On March 9, 2015, the Supreme Court wiped away a longstanding judicial doctrine that had placed greater procedural requirements on a federal agency when it changes its prior interpretation of a federal regulation. The Court’s unanimous opinion in Perez v. Mortgage Bankers Association, 575 U.S. ___ (2015) held that federal agencies need not engage in public notice-and-comment rulemaking in this instance, because a new regulatory interpretation does not amount to an amendment of the regulation itself.
The Perez ruling removes a favorite argument from the toolbox for federal regulatory challenges. A line of appellate cases developed by the D.C. Circuit beginning in 1997 had sought to constrain federal agencies’ ability to suddenly reverse course on established interpretations on which the regulated community had come to rely. Those cases had held that, while agencies may announce an interpretation of a regulation without triggering rulemaking procedures, any significant alteration of that interpretation in the future would require advance public notice and comment as if a new rule had been enacted. In the Supreme Court’s view, that principle conflicts with the Administrative Procedure Act (“APA”), which specifically exempts “interpretative rules” from the notice-and-comment requirement for “legislative rules.” While “legislative rules” and actual amendments thereto have the force of law and require notice-and-comment, interpretations of those rules are not legally binding and do not trigger the same procedural safeguards. As the Court held, “[b]ecause an agency is not required to use notice-and-comment procedures to issue an initial interpretive rule, it is also not required to use those procedures when it amends or repeals that interpretive rule.”
This new case likely will embolden agencies to increase their use of informal guidance in lieu of rulemaking in a variety of contexts, even where doing so will upset settled expectations. While the case distinguished an “interpretive rule,” its reasoning likely extends to changes to any other announced agency guidance as well. Indeed, Perez involved an “opinion letter” as opposed to a rule published in the Federal Register, and the APA also exempts “general statements of policy, or rules of agency organization, procedure, or practice” from notice-and-comment procedures. 5 U.S.C. § 553(b)(A). Moreover, the practical reality that a new interpretation may operate as a new binding regulation proved irrelevant to the Court’s analysis.

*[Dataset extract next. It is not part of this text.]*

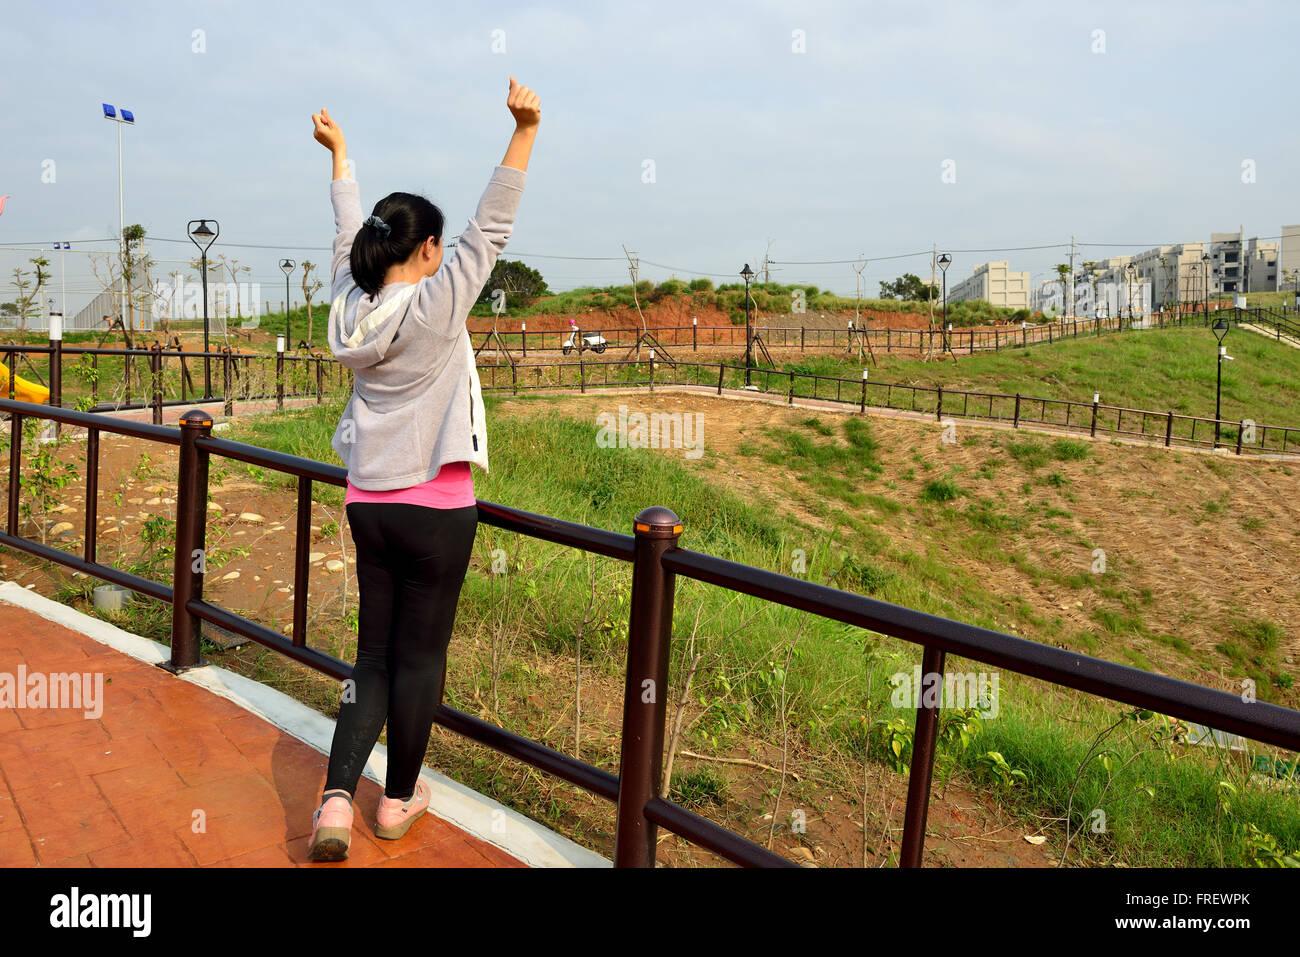 Mujer de pie con las manos arriba /futuro / la libertad / esperanza / éxito concepto Imagen De Stock
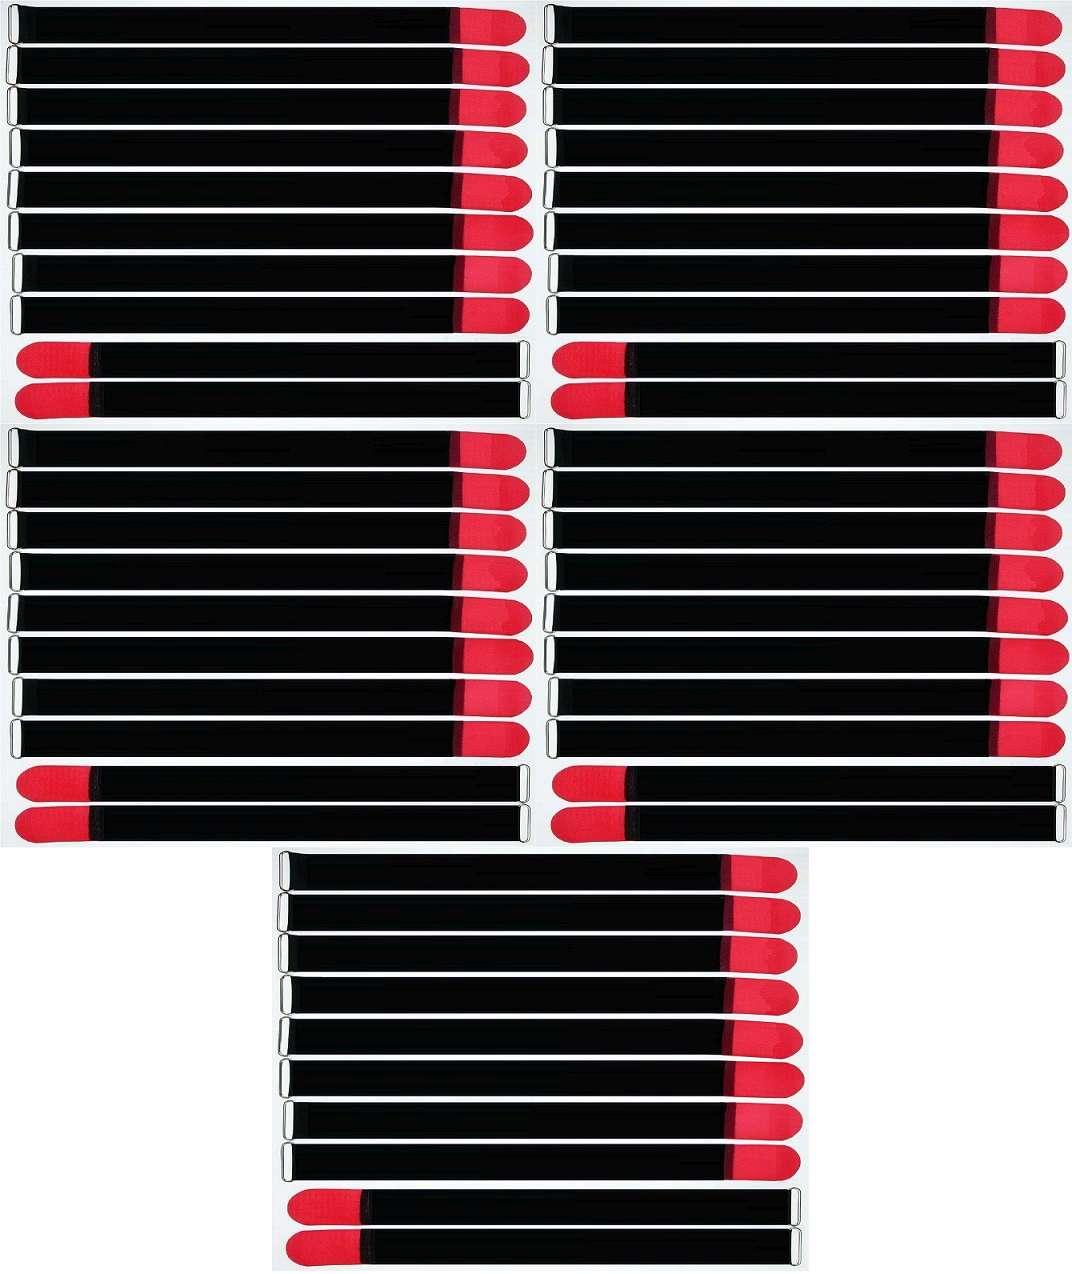 10 Klettkabelbinder 300 x 20 mm neonpink Klett Kabelbinder Klettband Kabelklett

That is not to say that agencies may flip-flop with impunity. The Perez majority opinion reiterated that substantive challenges to agency pronouncements may stand a greater chance of success, and the agency may deserve less deference, when the interpretation conflicts with the agency’s prior expressed views. The Court also reminded that the new interpretation must of course be “consistent with the underlying regulations,” and be no less substantiated than the original interpretation. That is, “the APA requires an agency to provide more substantial justification when its new policy rests upon factual findings that contradict those which underlay its prior policy; or when its prior policy has engendered serious reliance interests that must be taken into account. It would be arbitrary and capricious to ignore such matters.” Though such statements are somewhat reassuring, courts still have overwhelmingly deferred to agencies’ interpretation of their own regulations, regardless of their history or reliance interests. For this reason, the three concurring opinions in Perez highlight the merits of the Supreme Court in the near future reexamining its own precedent traditionally deferring to such agency rules, whether legislative or interpretive, in the first instance.